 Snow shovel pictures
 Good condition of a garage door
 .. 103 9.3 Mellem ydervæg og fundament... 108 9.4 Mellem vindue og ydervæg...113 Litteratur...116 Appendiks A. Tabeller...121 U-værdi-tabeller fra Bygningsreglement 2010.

^^^^

Each line, starting with the one that holds "Good condition of a garage door" and ending with the last line of the listing, is to be restated exactly.

ANSWER SPACE:
 Good condition of a garage door
 .. 103 9.3 Mellem ydervæg og fundament... 108 9.4 Mellem vindue og ydervæg...113 Litteratur...116 Appendiks A. Tabeller...121 U-værdi-tabeller fra Bygningsreglement 2010.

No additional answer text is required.